The time in milliseconds to wait for a health check response. If the timeout is reached without a response, the health check attempt will be considered a failure. This value is **required** and **must** be greater than 0.

#### `interval_msec`

The time interval in between health checks after the first health check. The first round of health checks will occur during startup before any traffic is routed to a cluster, so the first interval of health checks will be the value of [`no_traffic_interval_msec`](#notrafficintervalmsec). This value is **required** and **must** be greater than 0.

#### `interval_jitter_msec`

An optional jitter amount that is added to each interval value calculated by the proxy. Defaults to 0.

#### `unhealthy_threshold`

The number of failed health checks required before a host is marked as unhealthy. *Note* that for http health checking, if a host responds with a 503 status this value is ignored and the host is considered unhealthy immediately.

#### `healthy_threshold`

The number of successful health checks required before a host is marked healthy. During startup, only a single successful health check is required to mark a host healthy.

#### `reuse_connection`

A boolean value indicating whether or not to reuse a health check connection between health checks. Defaults to `true`.
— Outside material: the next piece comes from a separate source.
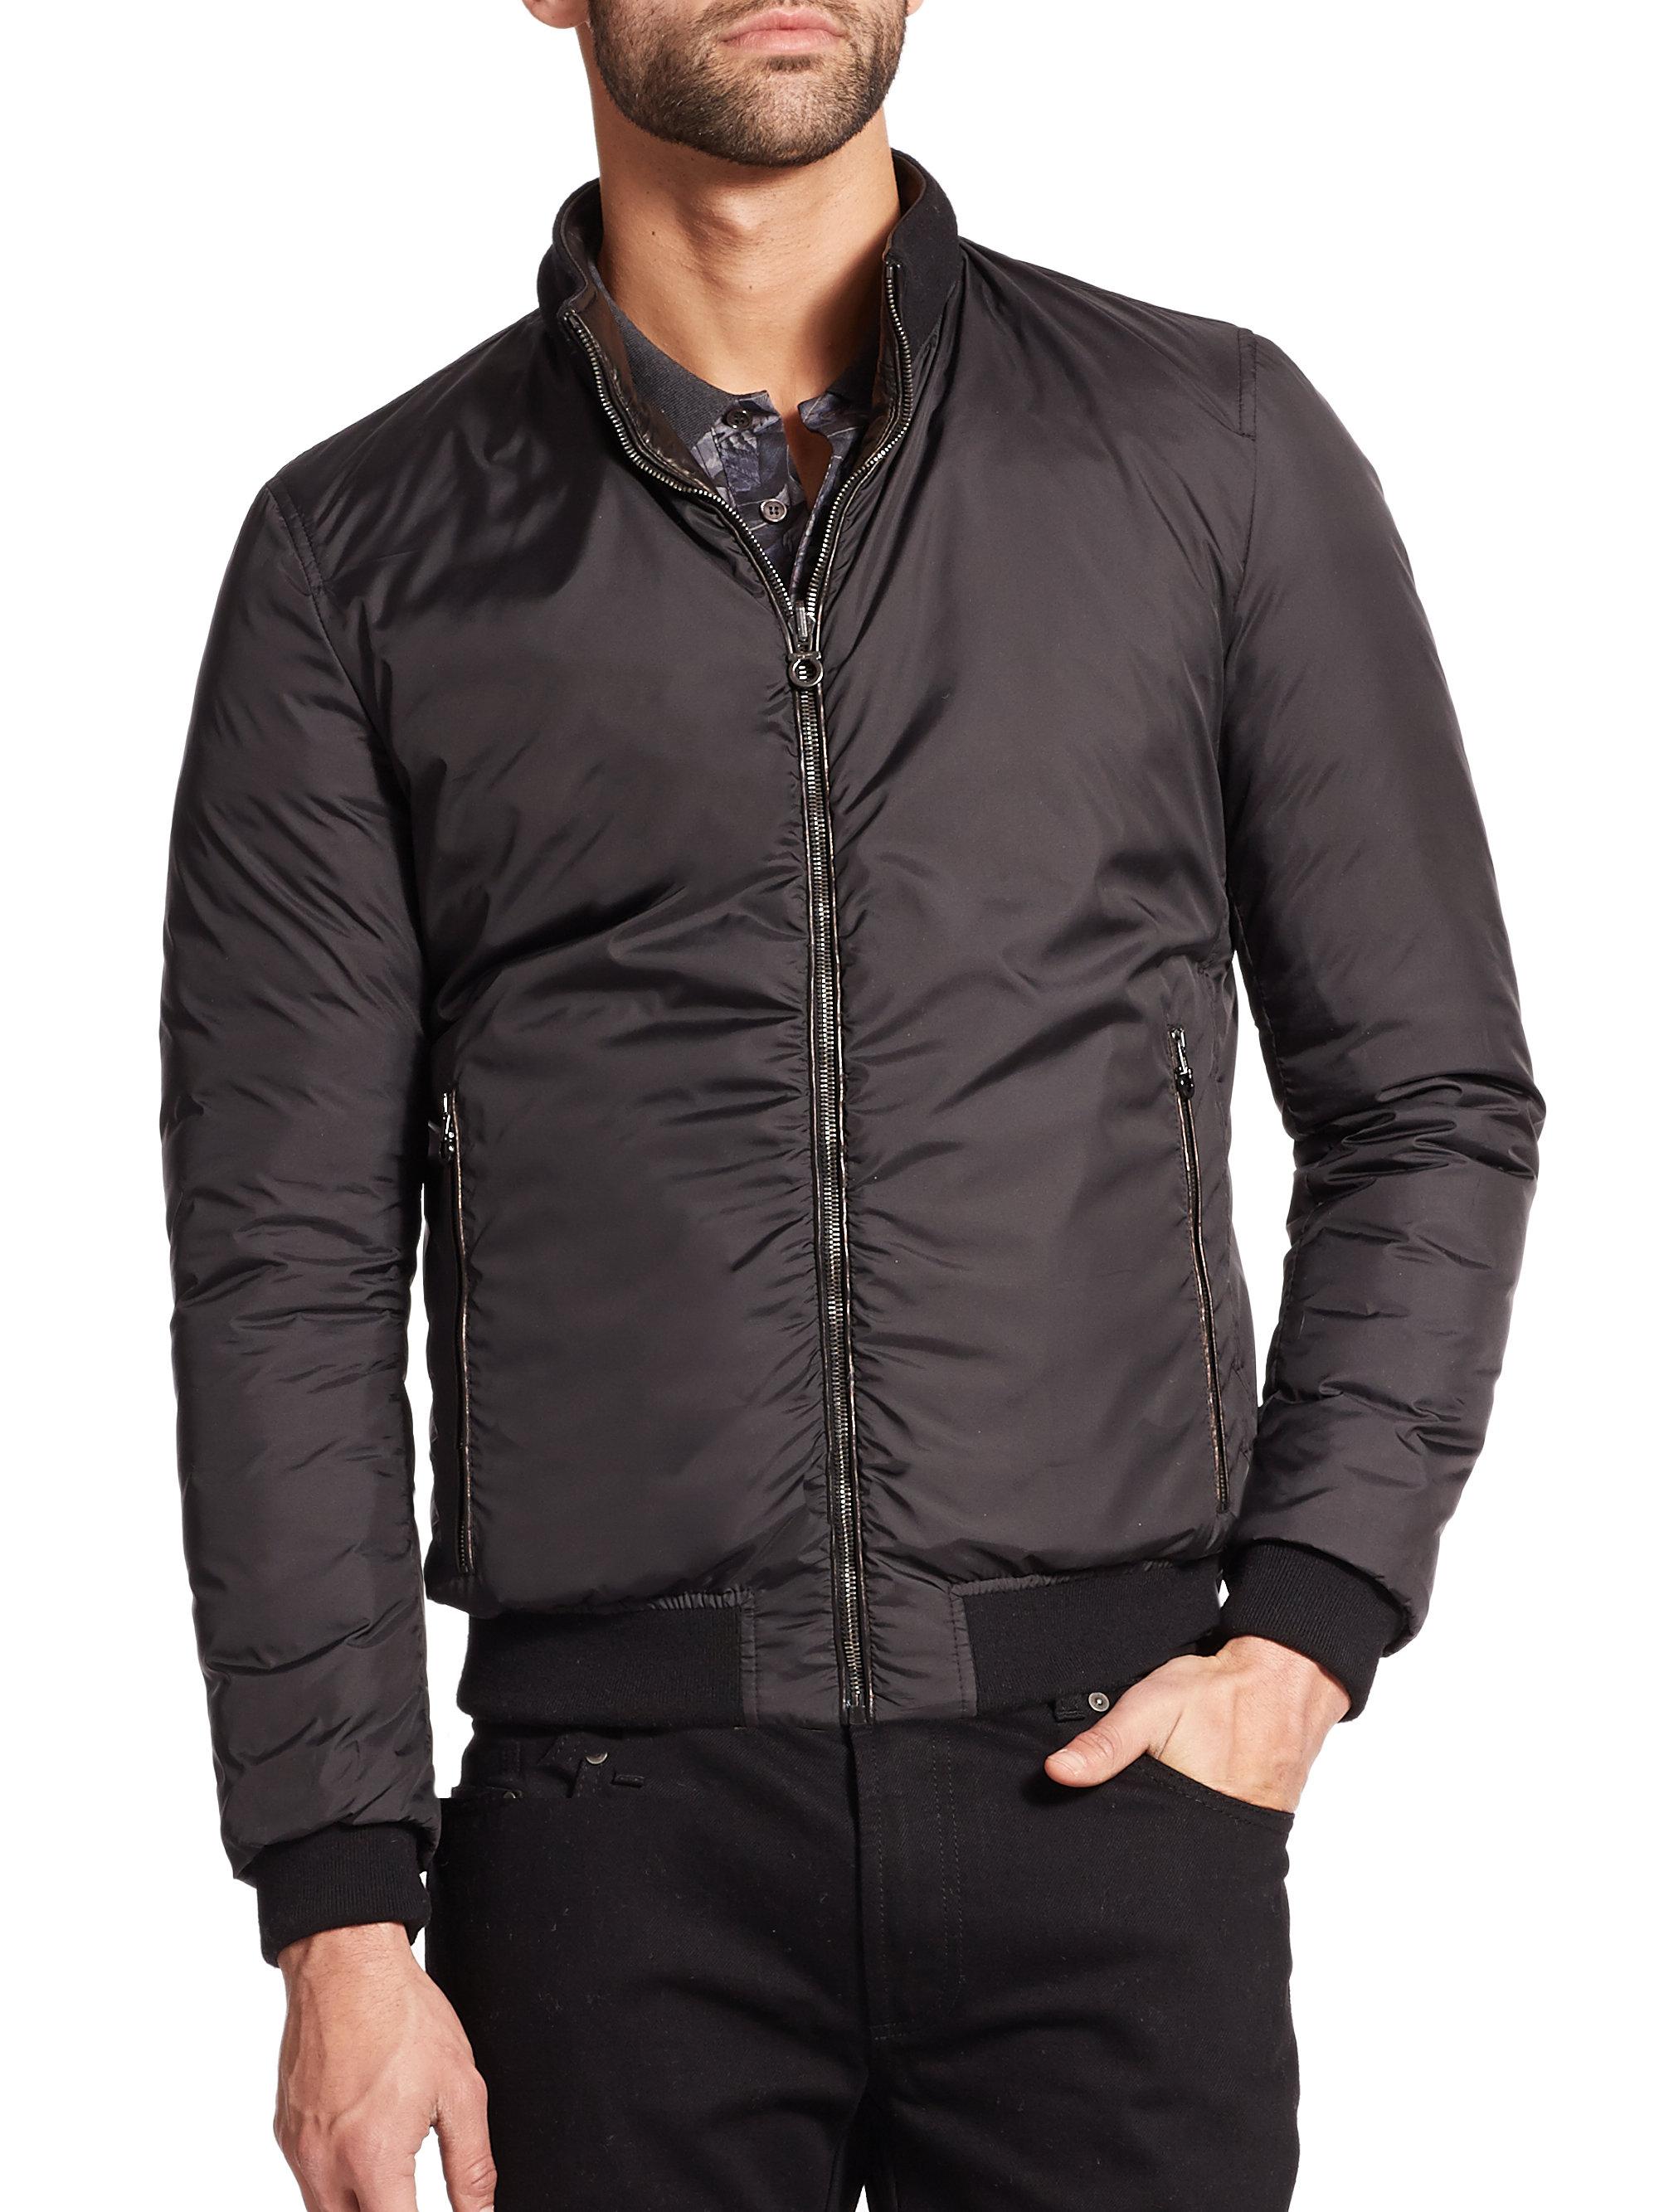 Ferragamo Reversible Leather Puffer Jacket in Black for ...

#### `no_traffic_interval_msec`

When a cluster has never had traffic routed to it (ie on startup), this is the interval used for health checking instead of [`interval_msec`](#intervalmsec). Once the cluster has been used for traffic routing, the interval will shift to the `interval_msec` value. This should be a longer interval, which allows cluster info to be checked without sending large amounts of active health checking traffic for no reason. Defaults to 60s.
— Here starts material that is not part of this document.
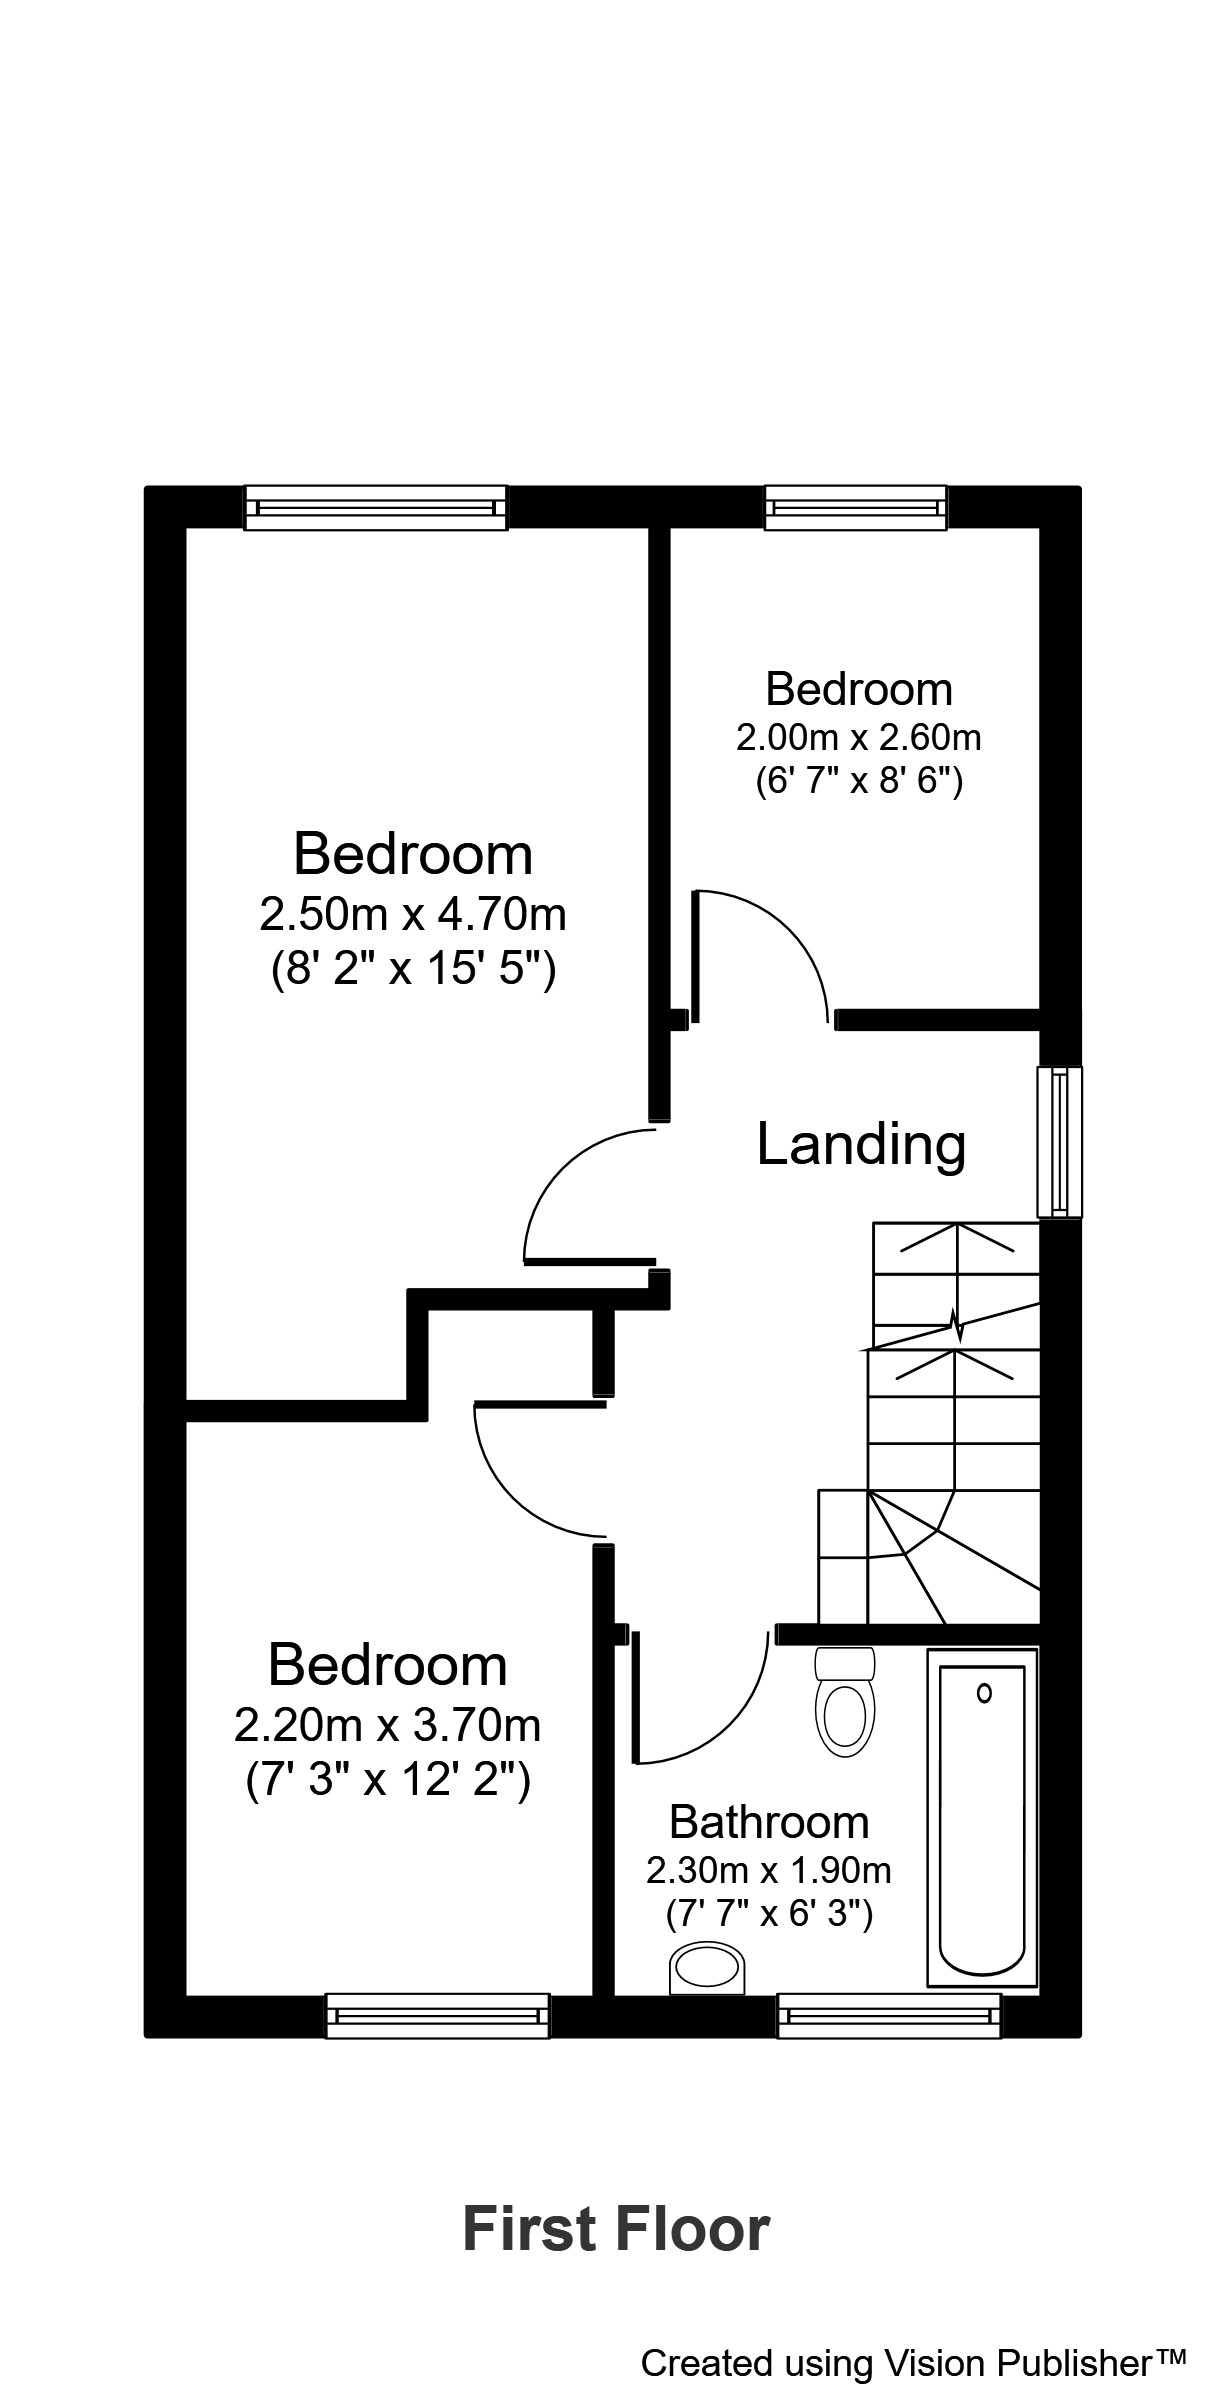 18 montrose 1st floor Floor Plans (Auto Sized) (2)

#### `unhealthy_interval_msec`

When a cluster is marked as unhealthy, this is the interval used for health checking instead of [`interval_msec`](#intervalmsec). As soon as the host is marked as healthy, the interval will shift back to the `interval_msec` value. Defaults to the value of `interval_msec`.

#### `unhealthy_edge_interval_msec`

The health check interval used for the first health check immediately after a host is marked as unhealthy. After this initial health check, the interval will shift to [`unhealthy_interval_msec`](#unhealthyintervalmsec). Defaults to the value of `unhealthy_interval_msec`.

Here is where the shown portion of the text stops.